Podcast, Interview
a16z Podcast | Taking the Pulse on Bio
- The biological sector is projected to undergo a continued transition from empirical science to an engineering discipline, utilizing machine learning and AI to interpret genomic data, identify "killer cancer" through blood analysis, and develop therapeutics that bypass human understanding of disease mechanisms.
- Diagnostic applications are anticipated to generate actionable insights with superior accuracy and continuous learning capabilities, while the combination of AI and sensors is expected to create new diagnostic areas capable of scaling across disease types via repeated engineering processes.

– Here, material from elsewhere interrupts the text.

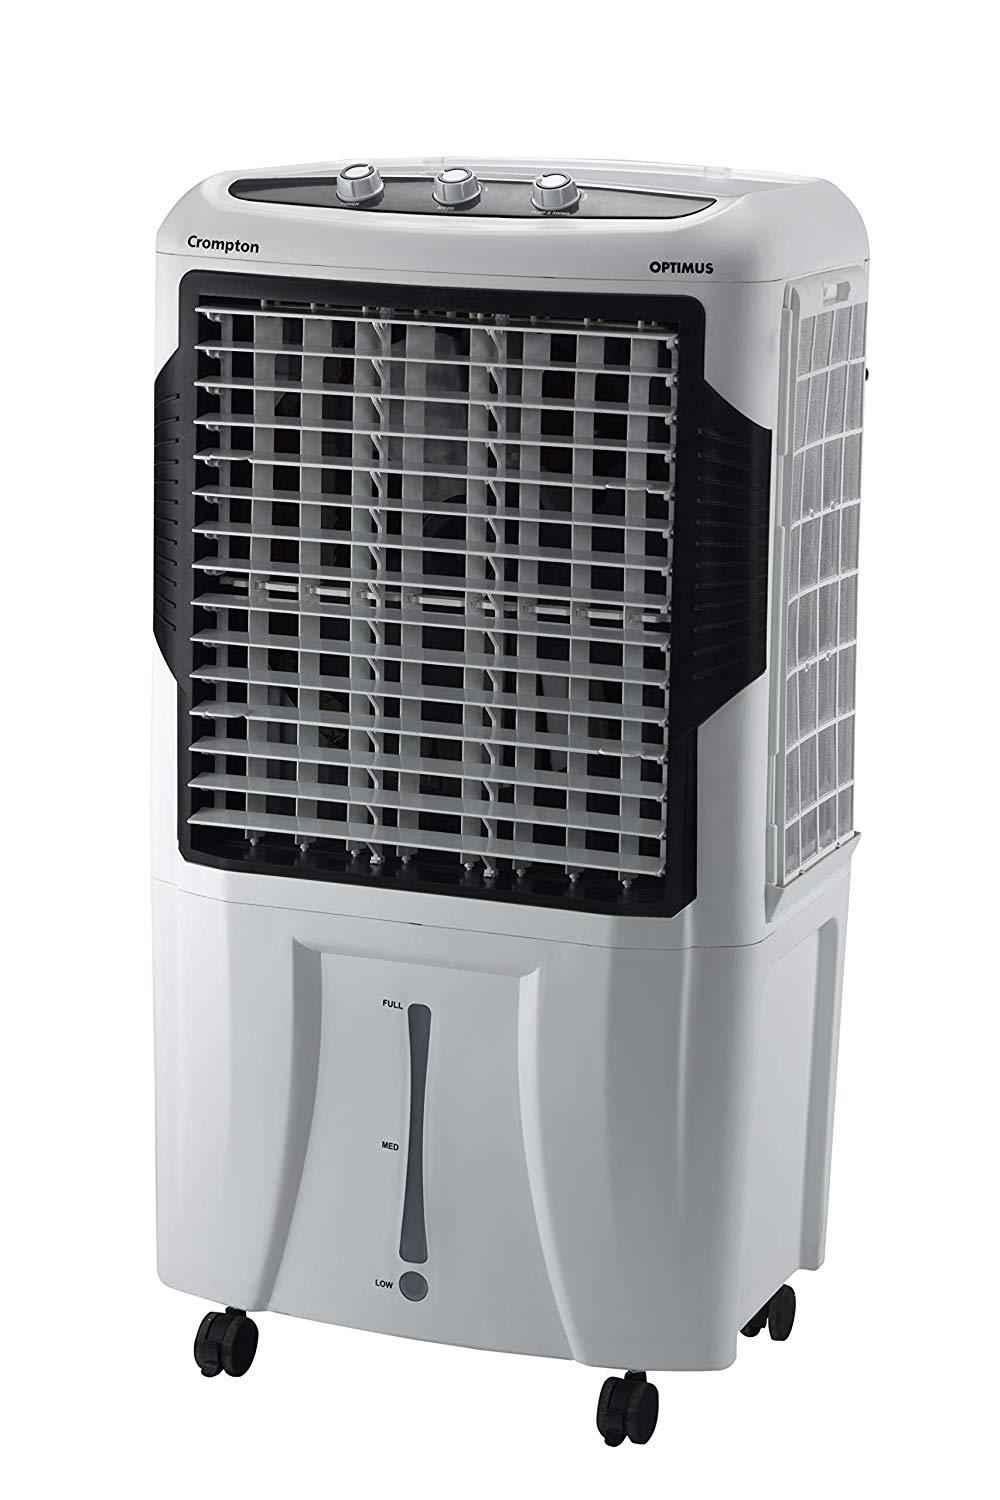 crompton greaves air cooler price
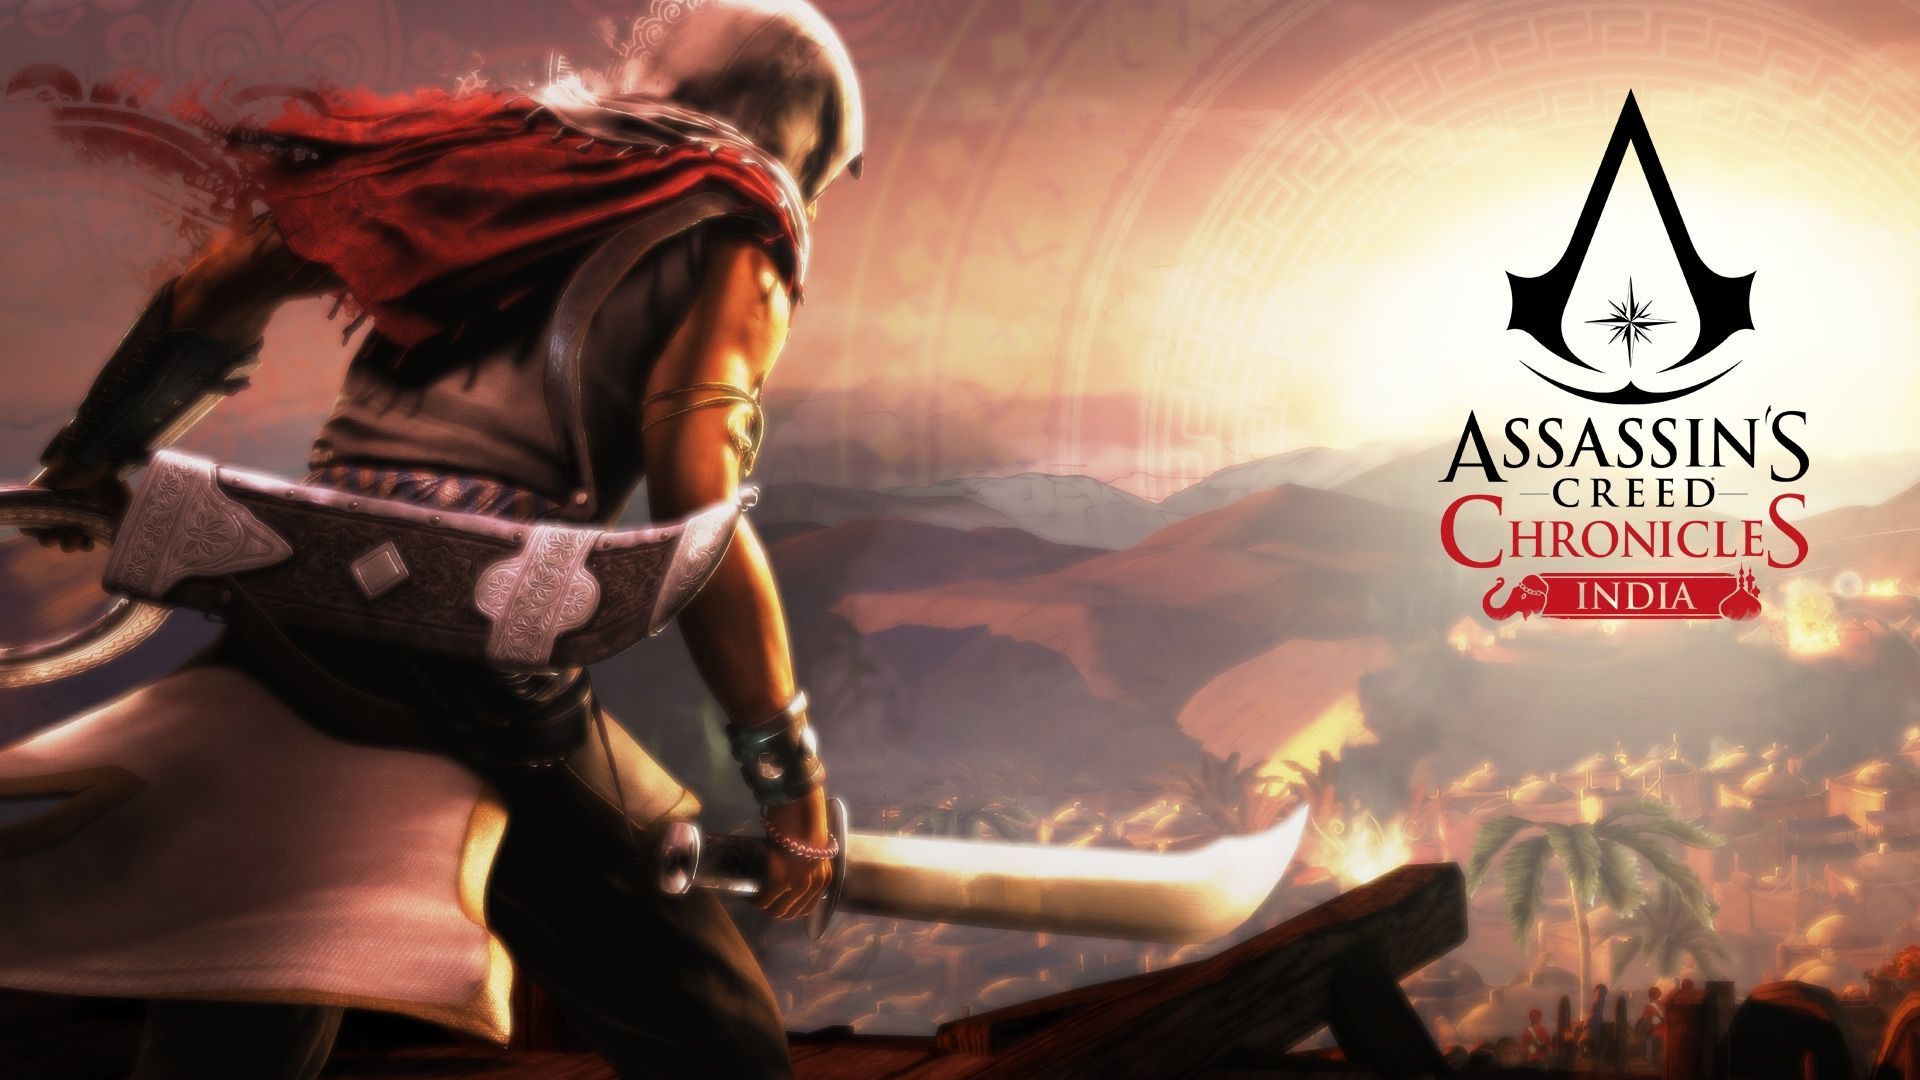 Assassin's Creed India Wallpaper. Assassin's creed chronicles, Assassins creed, Assassins creed syndicate

- Cell engineering is predicted to evolve engineered cells into "intelligent drugs" that navigate the body, act on disease states, and self-terminate upon resolution, alongside CRISPR modalities that will accelerate and diversify as biology becomes more engineering-focused.
- Digital health therapies are expected to scale efficiently through A-B testing in digital environments, allowing for constant efficacy improvements without toxicity, while the industry increasingly targets opportunities that minimize science risk in favor of engineering and scale risks.
- Data network effects are forecasted to establish non-expiring barriers to entry stronger than patents, enabling sustained company growth over decades, while traditional high science-risk therapeutic companies are expected to decline in favor of engineering-based approaches.
- Regulatory landscapes are expected to evolve with record numbers of generic drug approvals, decreased regulatory risk for effective powerful therapies, and a shift away from animal models toward more predictive "organs on chips" or "humans on chips."
- Clinical trial metrics are projected to improve dramatically, with potential 96% reductions in recruitment costs and time facilitated by social networks and technology, alongside lower failure rates resulting from more predictive and targeted testing paradigms.
- The industry will likely shift reimbursement models from selling to self-insured employers to direct engagement with insurance plans, CMS, Medicare, and Medicaid to access the mass market, while non-therapeutic CRISPR applications are expected to emerge for diagnostics and drug discovery platforms.
- Fundamental infrastructure improvements include anticipated direct communication between major electronic health record systems like Epic and Cerner, and biology is expected to impact diverse sectors including energy, textiles, food, and data storage.
- Founders for emerging companies will ideally possess deep expertise in both biology and computer science, mirroring the advancement of electronic design automation through the literal engineering of biological circuits.